Final answer:
To find the coordinates of point P, we first find the equation of the normal to the curve at the point (1,11), which is y = x + 10. Then, we solve the equations y = 2x² - 5x + 14 and y = x + 10 simultaneously to find the coordinates of P. The coordinates of point P are (2, 12) and (1, 11).
Step-by-step explanation:
To find the coordinates of point P, we need to find the equation of the normal to the curve at the point (1,11) and then find the point of intersection between the normal and the curve. The slope of the tangent to the curve at any point is given by the derivative of the curve equation. Taking the derivative of y = 2x² - 5x + 14, we get dy/dx = 4x - 5. The slope of the normal is the negative reciprocal of the slope of the tangent, so the slope of the normal at (1,11) is -1/(4*1 - 5) = 1/1 = 1.
We know that the equation of a line with slope m passing through a point (x₁,y₁) is given by y - y₁ = m(x - x₁). Plugging in the values x₁ = 1, y₁ = 11, and m = 1, we get y - 11 = 1(x - 1), which simplifies to y = x + 10.

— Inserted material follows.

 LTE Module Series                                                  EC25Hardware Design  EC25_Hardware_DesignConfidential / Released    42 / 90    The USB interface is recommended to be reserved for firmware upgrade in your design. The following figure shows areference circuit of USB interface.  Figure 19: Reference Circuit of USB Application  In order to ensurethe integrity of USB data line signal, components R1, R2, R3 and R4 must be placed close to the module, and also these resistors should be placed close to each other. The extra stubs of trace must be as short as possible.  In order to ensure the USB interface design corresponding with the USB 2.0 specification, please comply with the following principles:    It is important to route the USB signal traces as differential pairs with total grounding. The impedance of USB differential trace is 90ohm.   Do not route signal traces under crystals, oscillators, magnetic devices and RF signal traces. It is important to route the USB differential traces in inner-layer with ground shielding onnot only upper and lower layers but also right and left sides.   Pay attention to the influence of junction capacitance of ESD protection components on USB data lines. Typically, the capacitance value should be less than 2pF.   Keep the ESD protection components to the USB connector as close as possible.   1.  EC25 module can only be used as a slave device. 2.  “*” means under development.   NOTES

To find the coordinates of point P, we solve the equations y = 2x² - 5x + 14 and y = x + 10 simultaneously. Substituting y = x + 10 in the first equation, we get x + 10 = 2x² - 5x + 14. Rearranging this equation gives 2x² - 6x + 4 = 0.

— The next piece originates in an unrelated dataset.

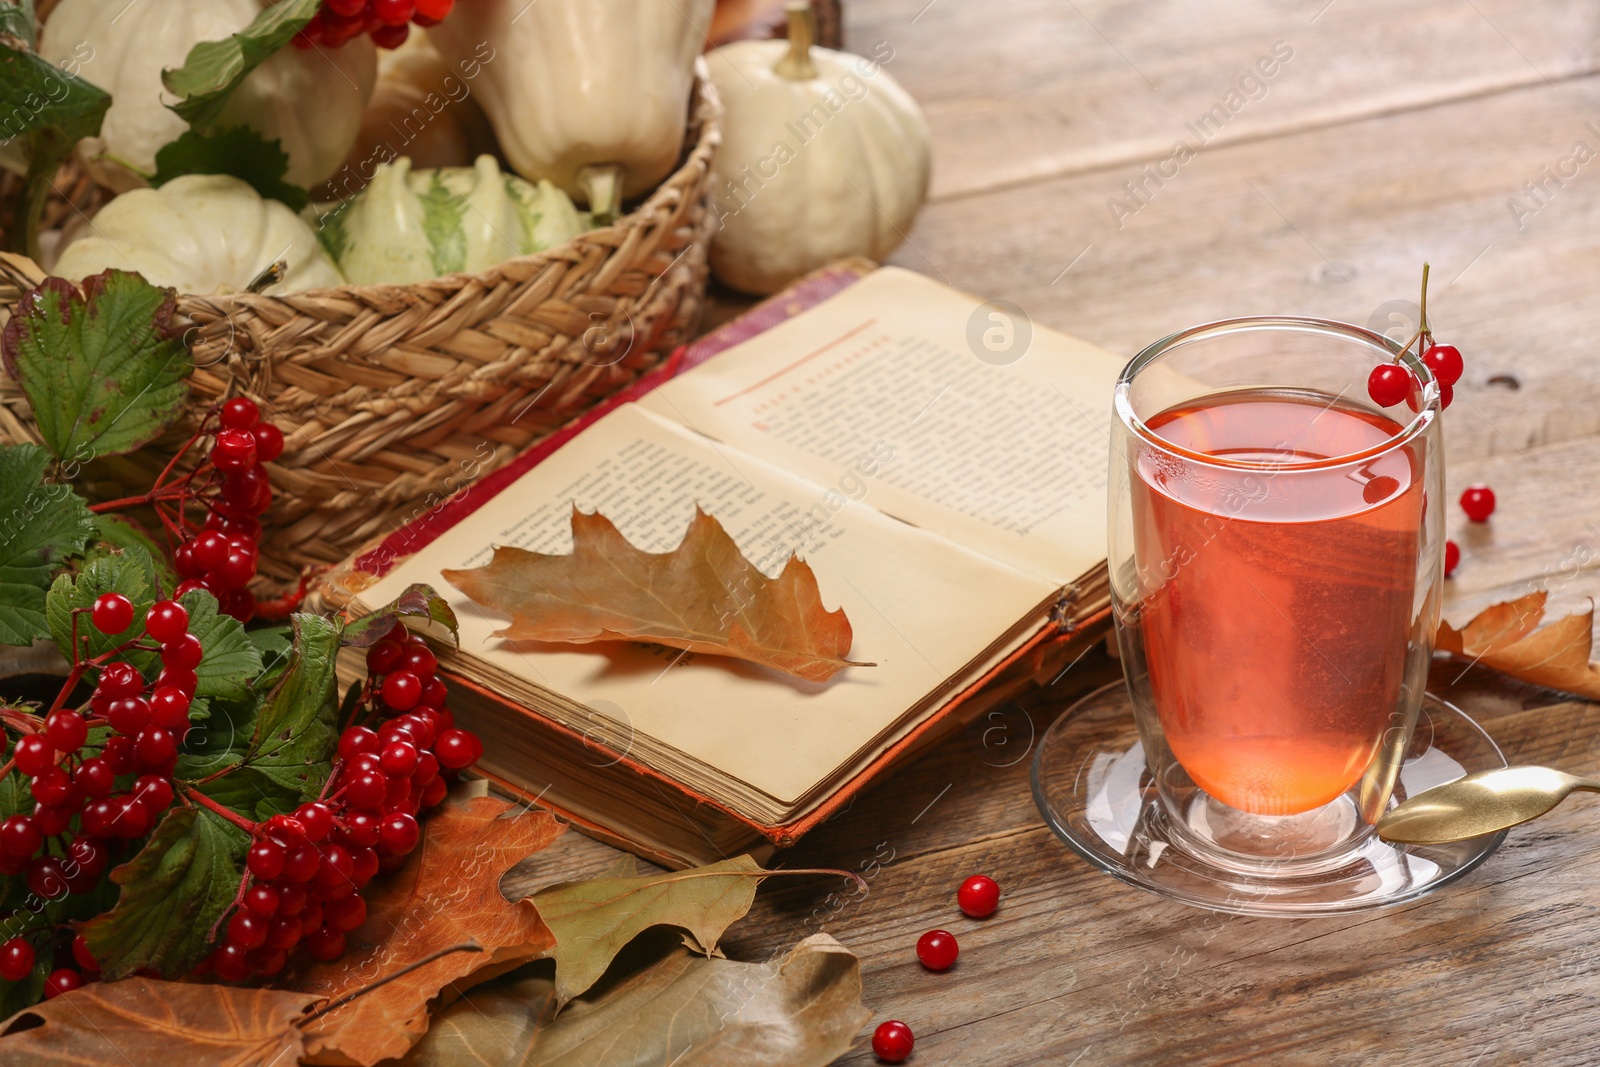 Photo of Delicious viburnum tea, books and pumpkins on wooden table. Cozy autumn atmosphere

To solve this quadratic equation, we can use the quadratic formula x = (-b ± √(b² - 4ac))/(2a), where a = 2, b = -6, and c = 4. Plugging in these values, we get x = (-(-6) ± √((-6)² - 4(2)(4)))/(2(2)), which simplifies to x = (6 ± √(36 - 32))/4, x = (6 ± √4)/4, x = (6 ± 2)/4. So x can be either 2 or 1. Plugging these values back into y = x + 10, we get the corresponding y-values as y = 2 + 10 = 12 and y = 1 + 10 = 11. Therefore, the coordinates of point P are (2, 12) and (1, 11).